Belgium "disappointed everybody when they approved the ban," Mehmet Üstüm, head of the Belgian Muslim Executive Body (EMB), told Anadolu Agency (AA) yesterday. "The ban will have certain effects. For example, we [Muslims] will have difficulty during sacrificial rituals [of livestock]." "We're hopeful that this legislation will be rejected and Muslims will [be able to] slaughter their livestock according to their rituals," Üstün added.
Shimon Lasker, a Brussels rabbi, said that the ban is being seen as a restriction on religious freedom, adding: "Jewish people believe it's becoming harder for them to live in Europe."
The parliament in the Flemish region had unanimously voted in June 2017 to ban kosher and halal meat by outlawing the slaughter of animals without stunning, which was set to come into effect Jan. 1 2019, following a similar ruling in the Wallonia region in May 2017 that will go into effect in Aug. 2019. While the proposed law would only apply to the country's Walloon and Flemish regions, other Belgian regions are planning similar moves.
According to Islamic halal and Jewish kosher rituals, the animals are required to be butchered by slitting their throats without stunning them before killing. The non-Christian communities see the ruling as a threat against religions as well as a risk for their lives.
Conference of European Rabbis Chairman Pinchas Goldschmidt referred to the day the decision was made as "a sad day for the Jews of Europe, a sad day for religious freedom in Europe," in a tweet.
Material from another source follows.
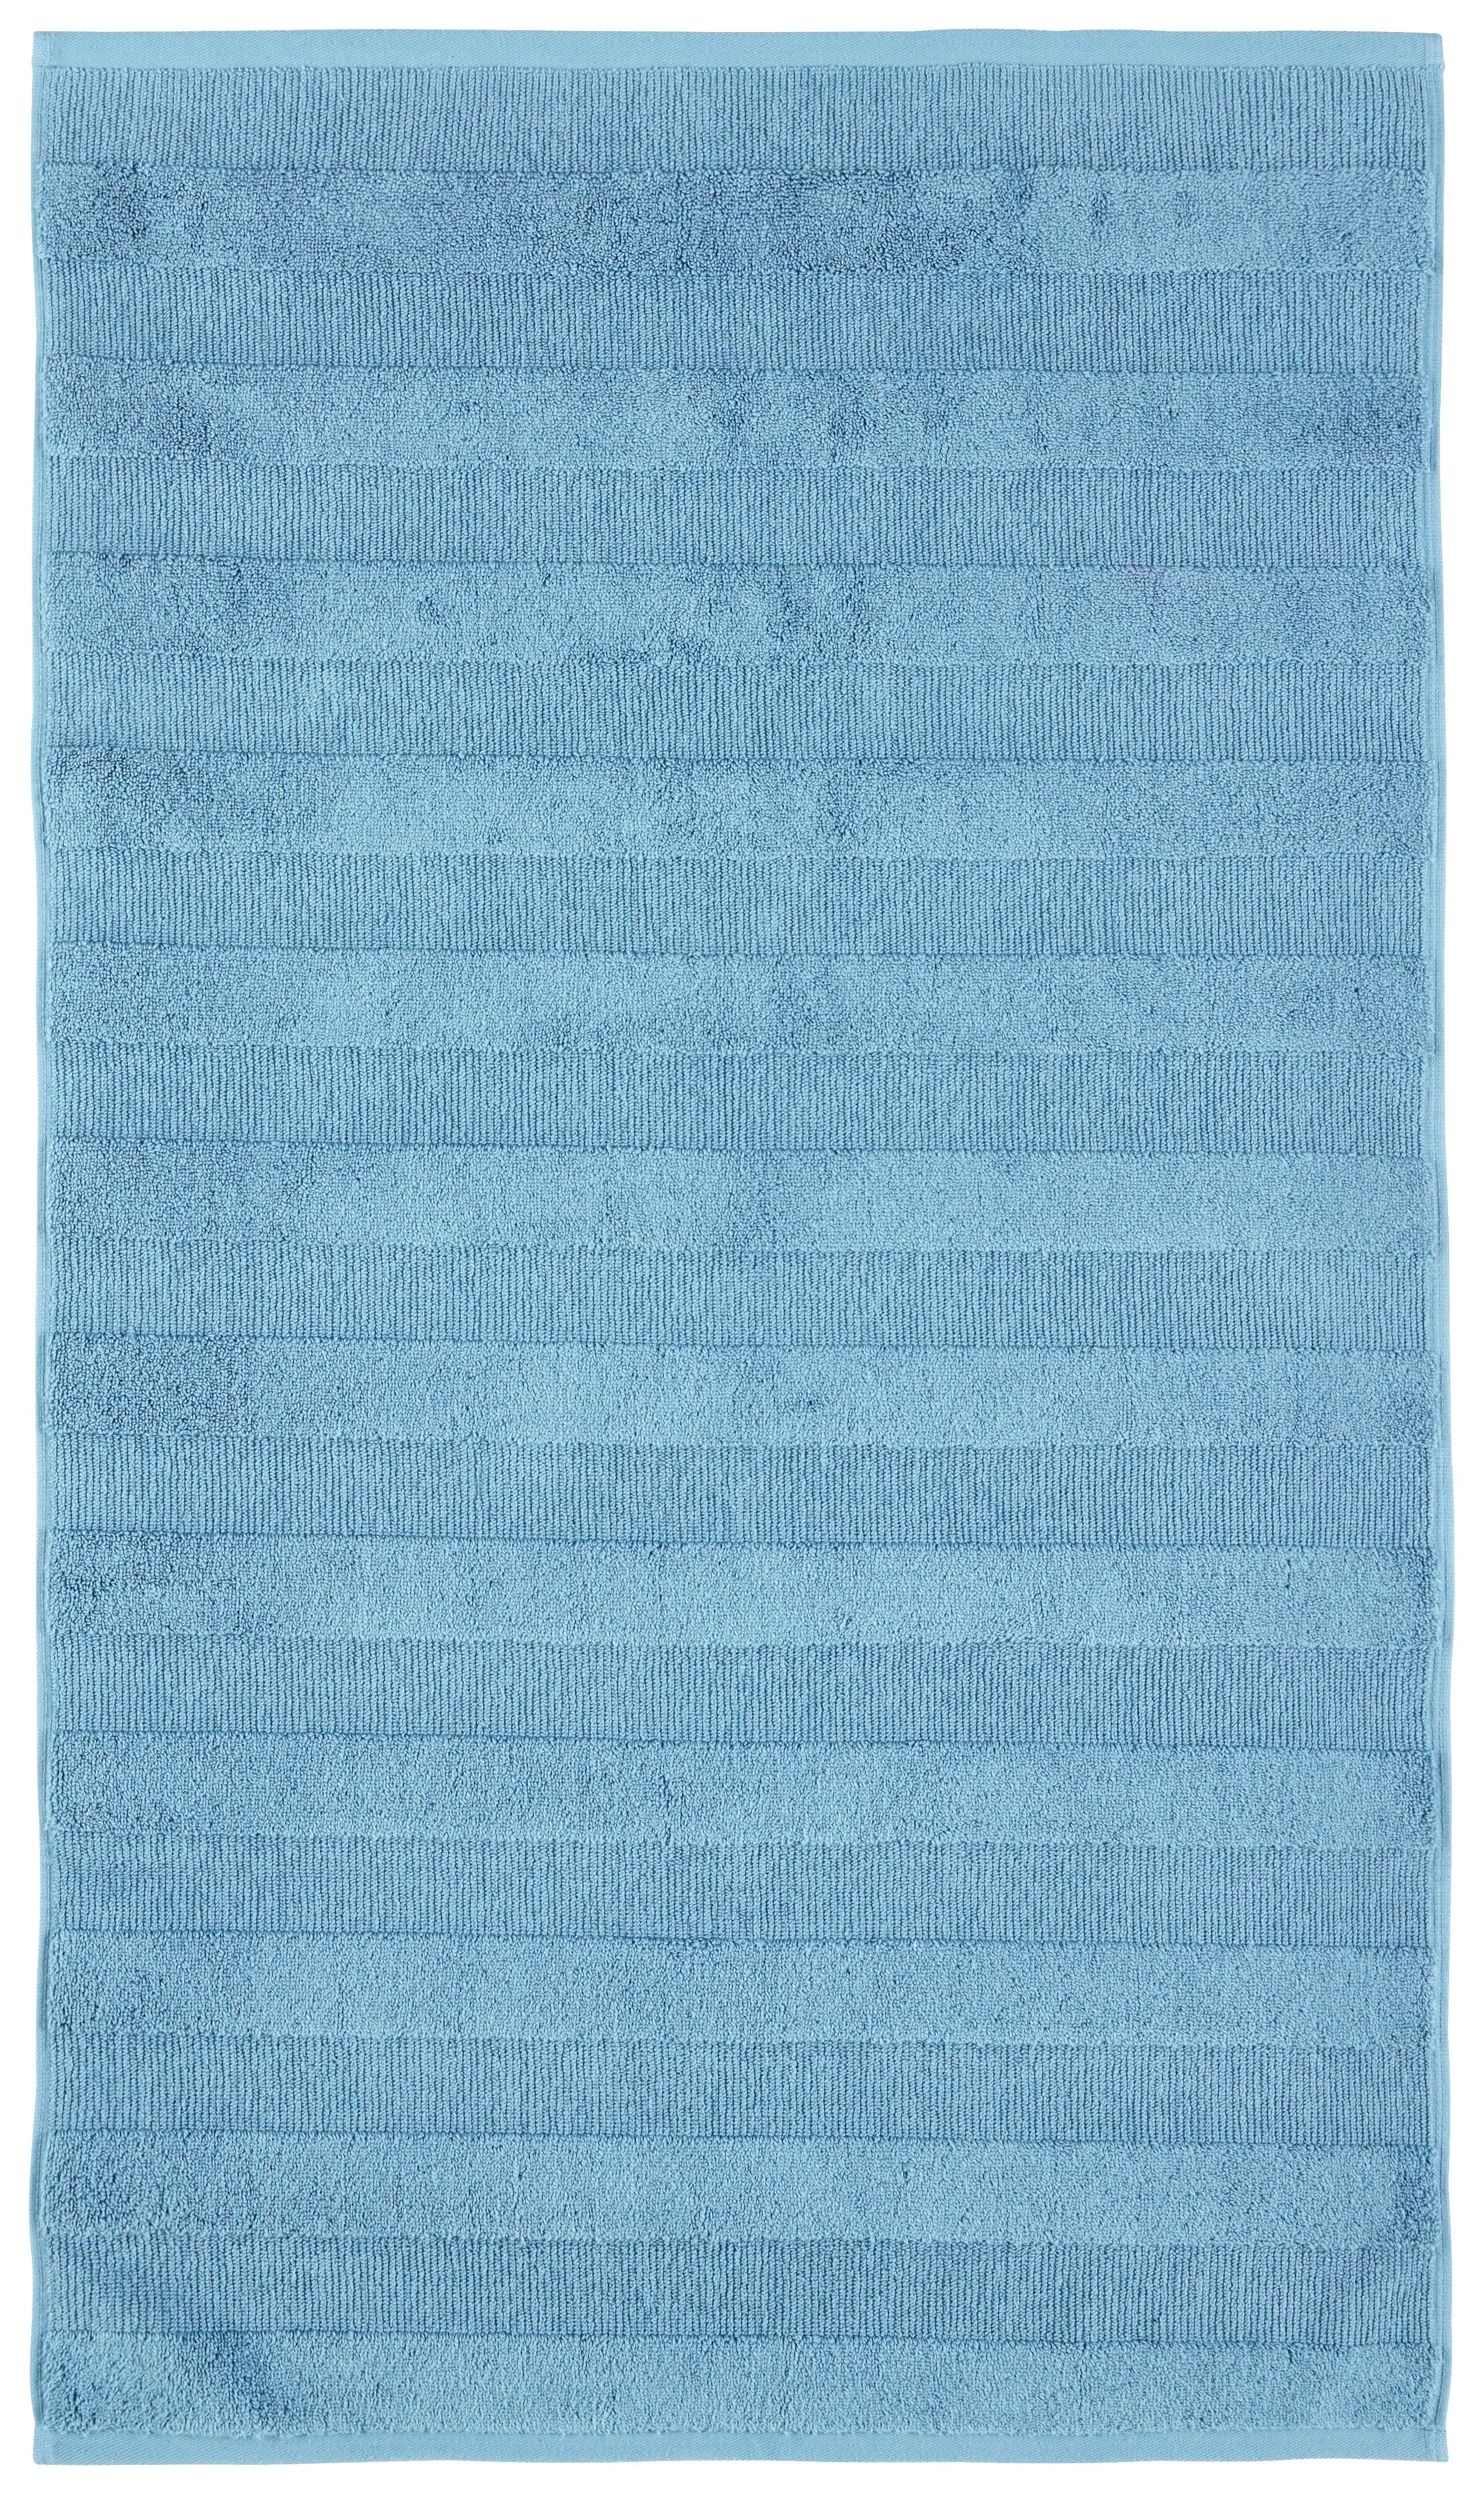 Fürdőszobaszőnyeg Chris - Kék, Textil (60/100cm) - Premium Living

The decision of the parliament will be initially implemented for small cattle, and although it will not be implemented for bovines due to the lack of technical infrastructure, it will be mandatory to numb the cattle immediately after slaughter. Cows and other cattle will also be shocked before being slaughtered after the Flemish region overcomes technical issues regarding the matter.
Together Muslims and Jews make up some 6 percent of Belgium's population. Muslim and Jewish communities in Belgium last year appealed the decision, banning the kosher slaughter of animals.
Starting in 2017, the debate on the ban of animal slaughter according to Islamic and Jewish methods has increased, while the prohibitions imposed on the country's Muslim and Jewish communities continue to receive reactions. The issue of banning halal and kosher slaughter was also raised in Austria, Poland, Holland and Switzerland in 2018. Similar laws have been passed in Switzerland and Denmark but lifted in Poland and Greece.